===== DATA BLOCK =====

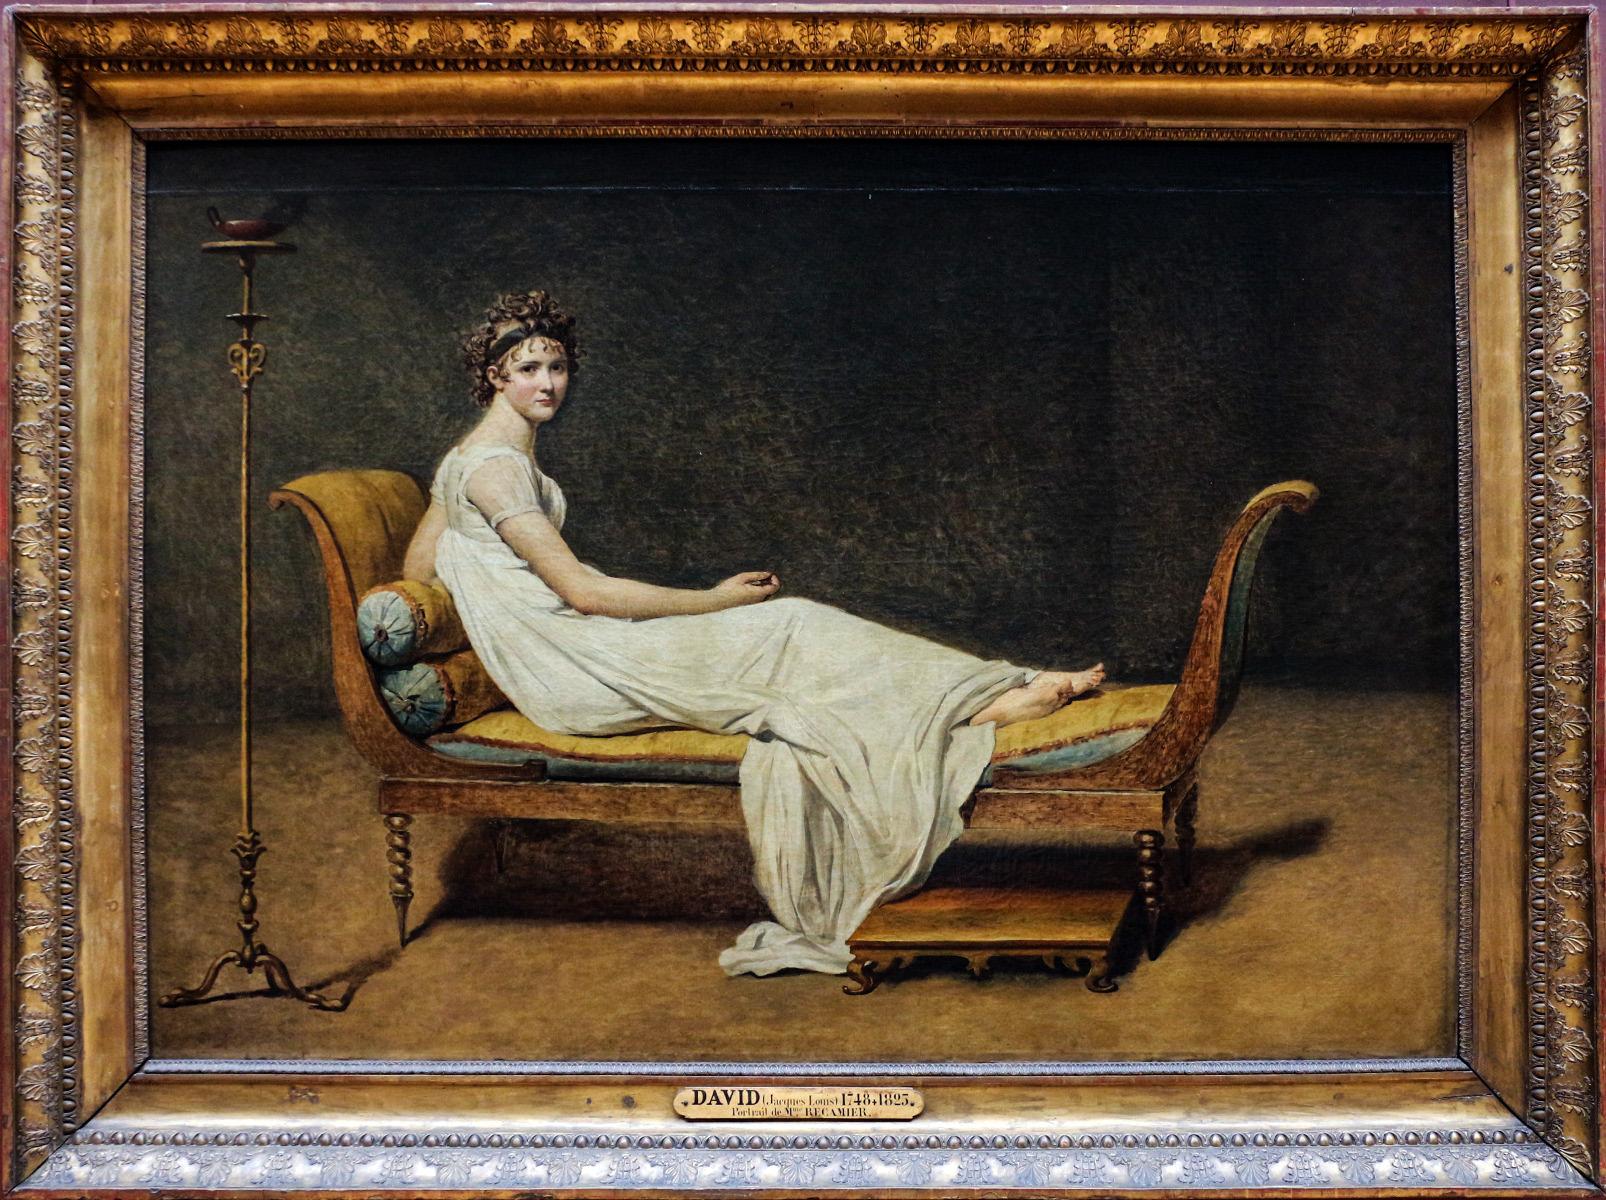 juliette-recamier-3-800x400
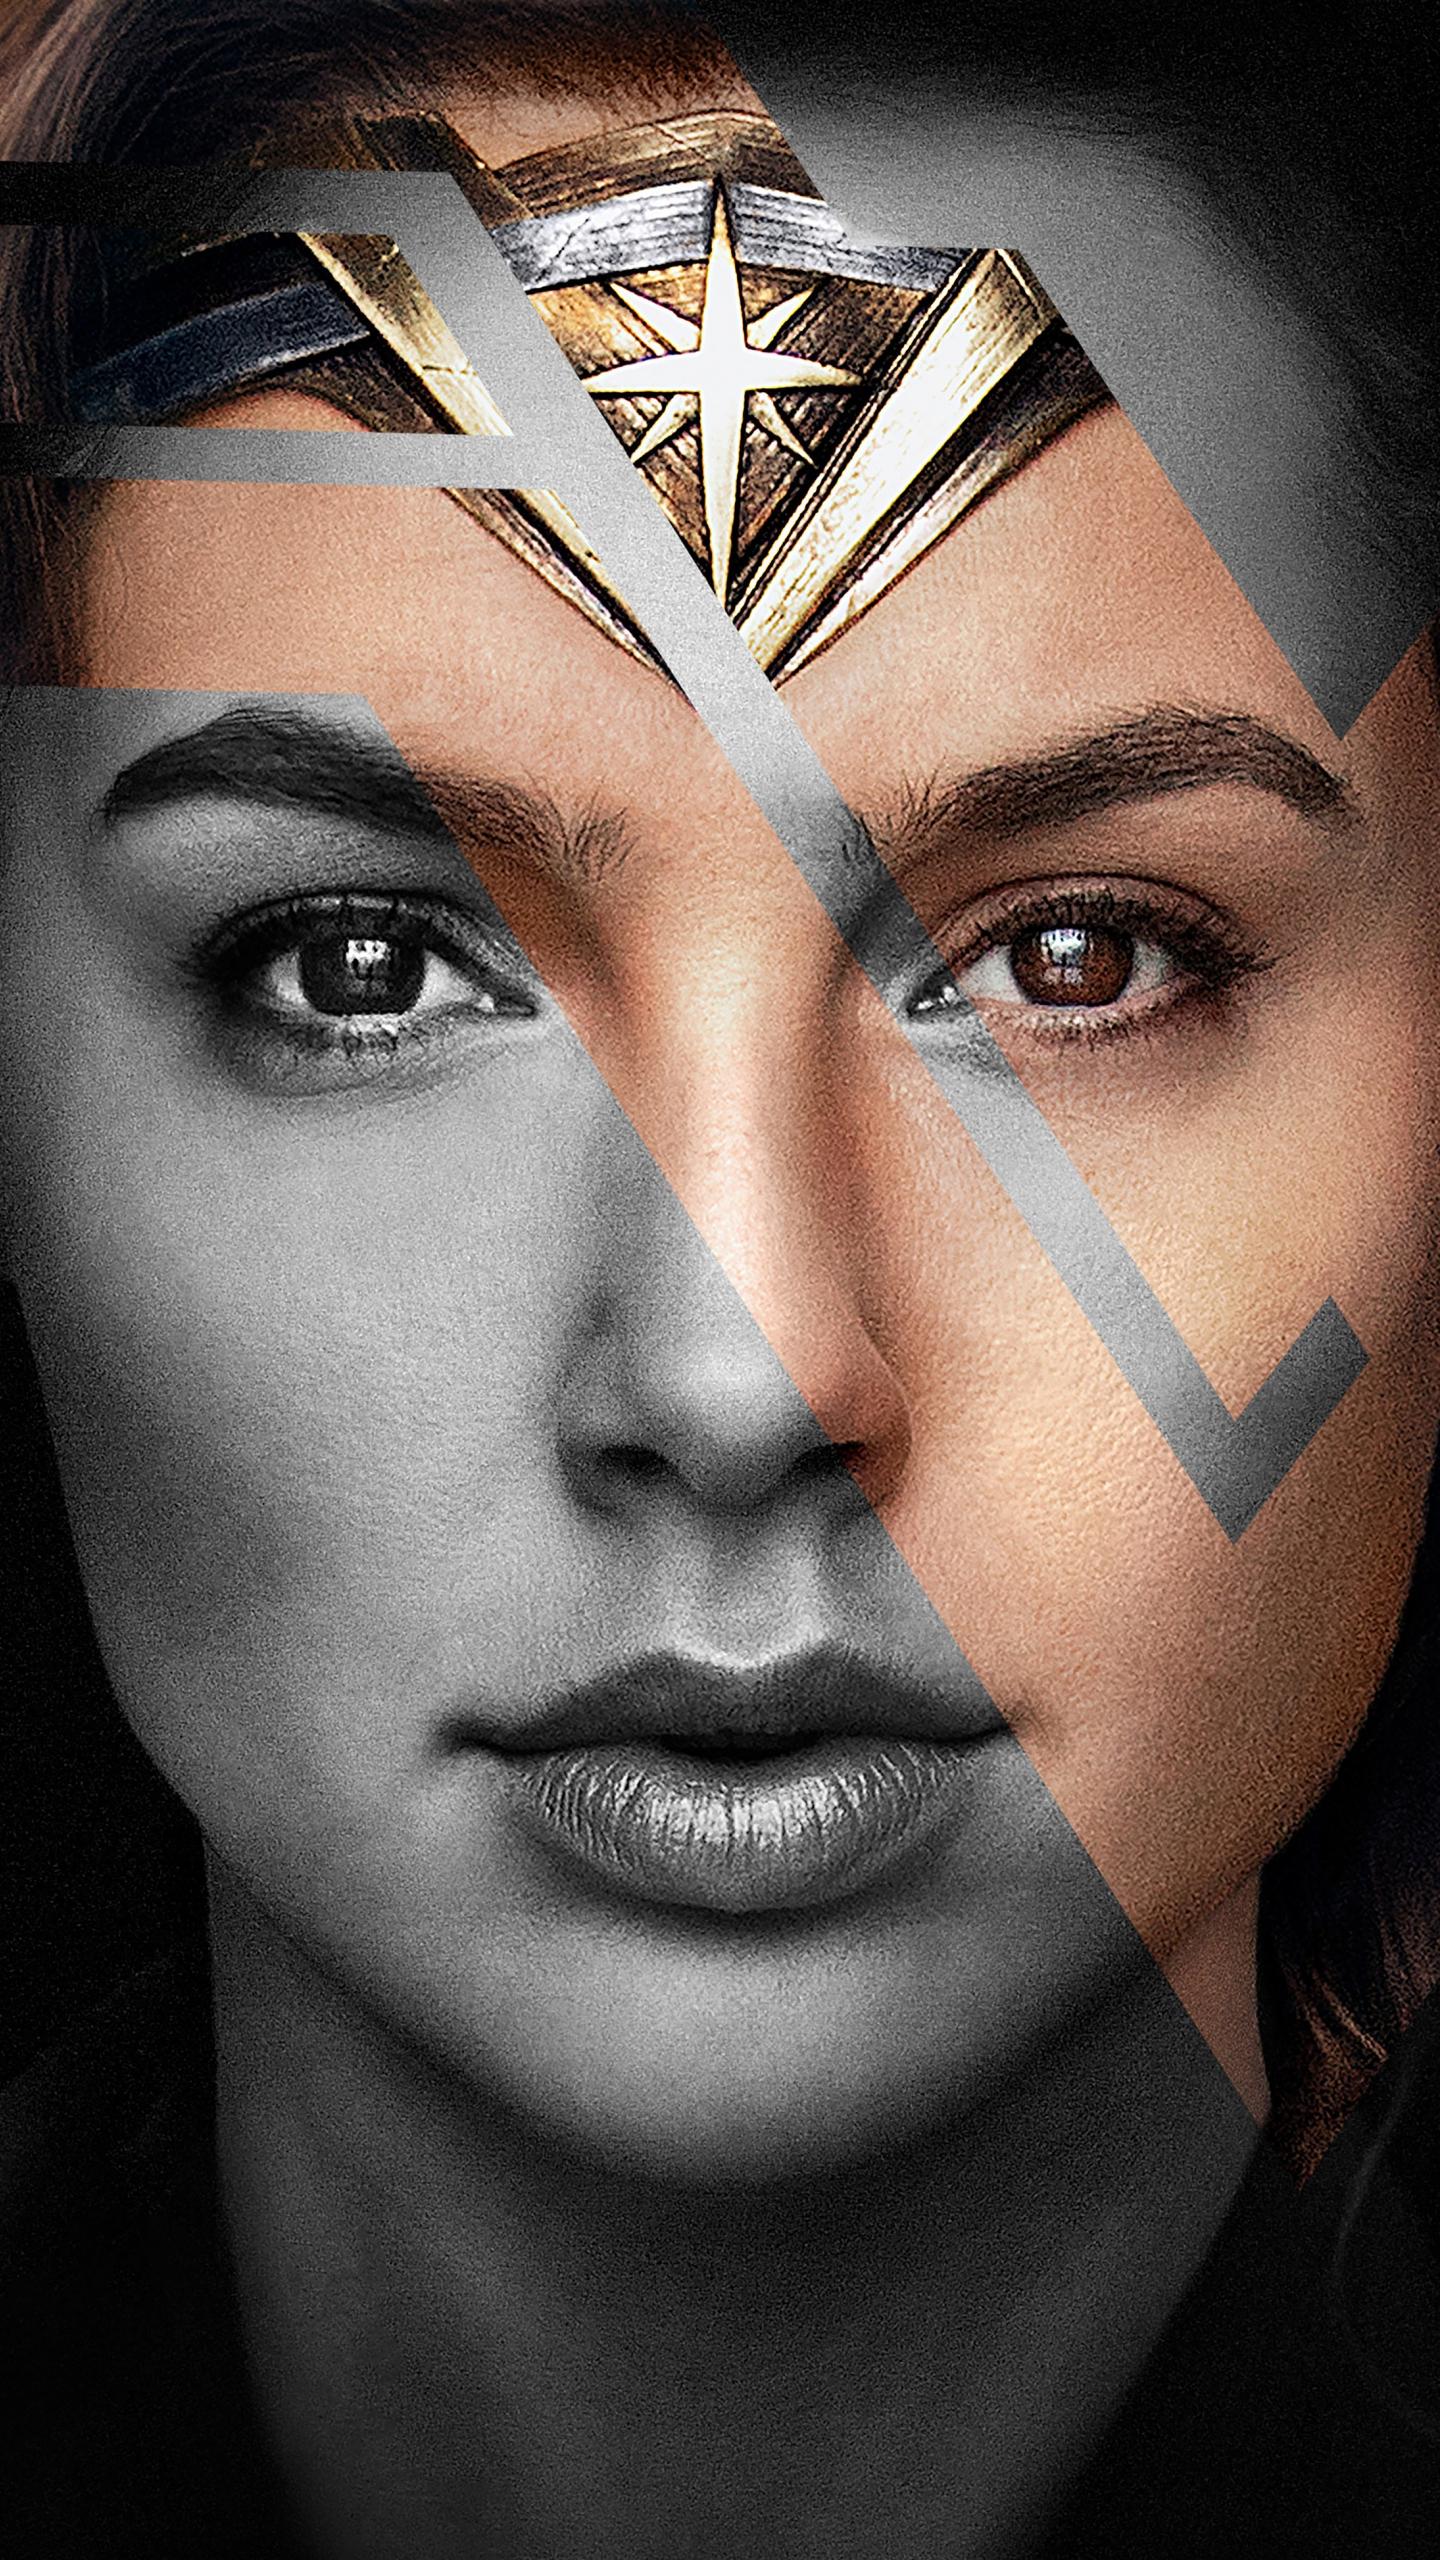 Wonder woman, gal gadot, justice league, actress, 1440x2560 wallpaper
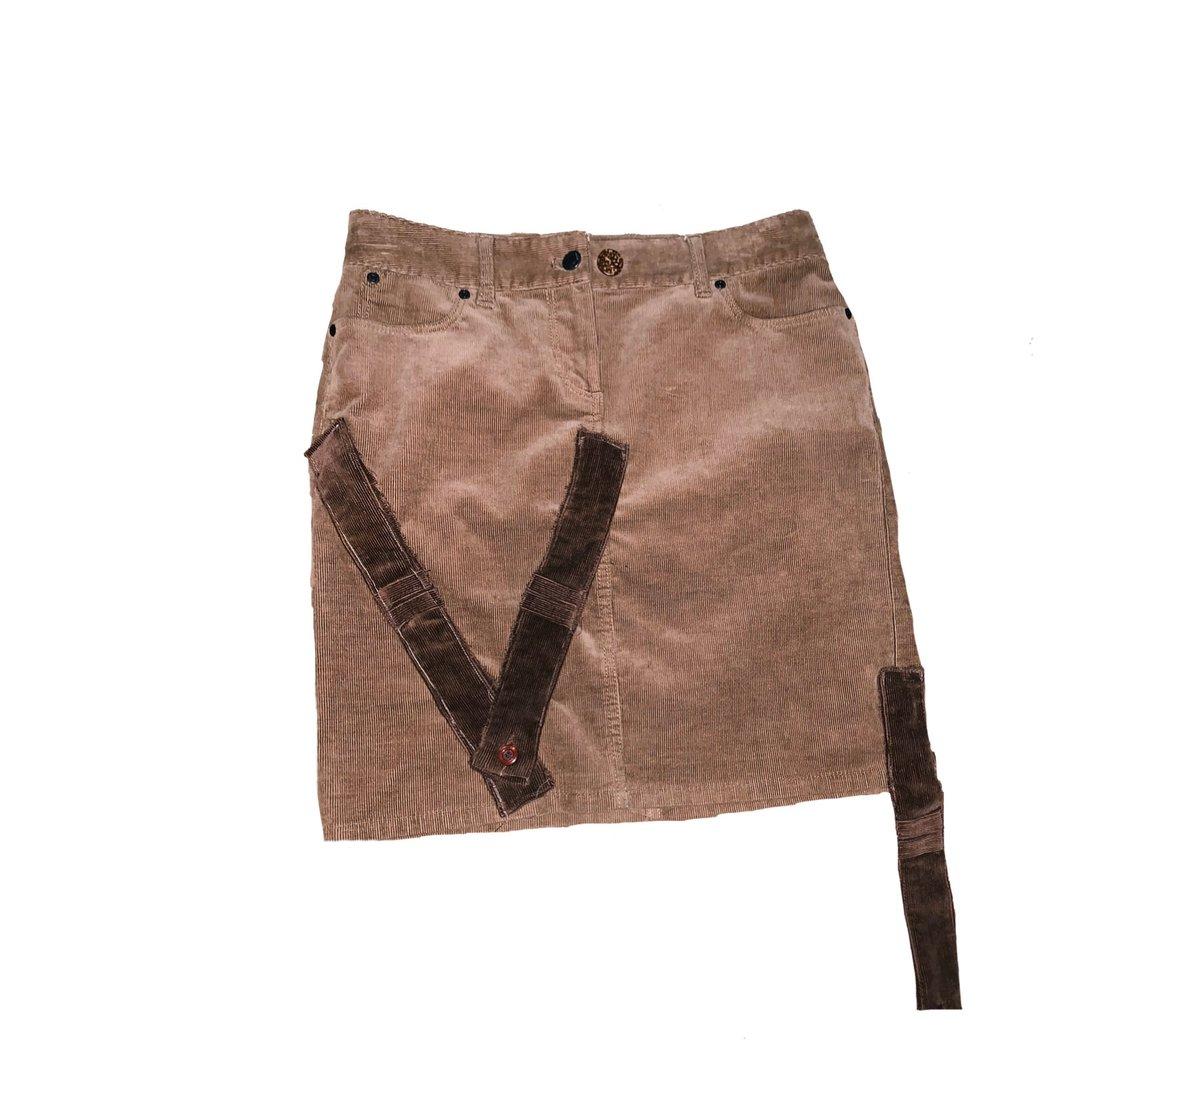 1 of 1 Chocolate/Caramel Skirt

=====

Print the lines from the one that contains "Wonder woman, gal" through the last line of the data, exactly and in full, and no other lines. Pictures are not part of the copy.

◆ **RESULT FOR THIS EXERCISE**
 Wonder woman, gal gadot, justice league, actress, 1440x2560 wallpaper
 1 of 1 Chocolate/Caramel Skirt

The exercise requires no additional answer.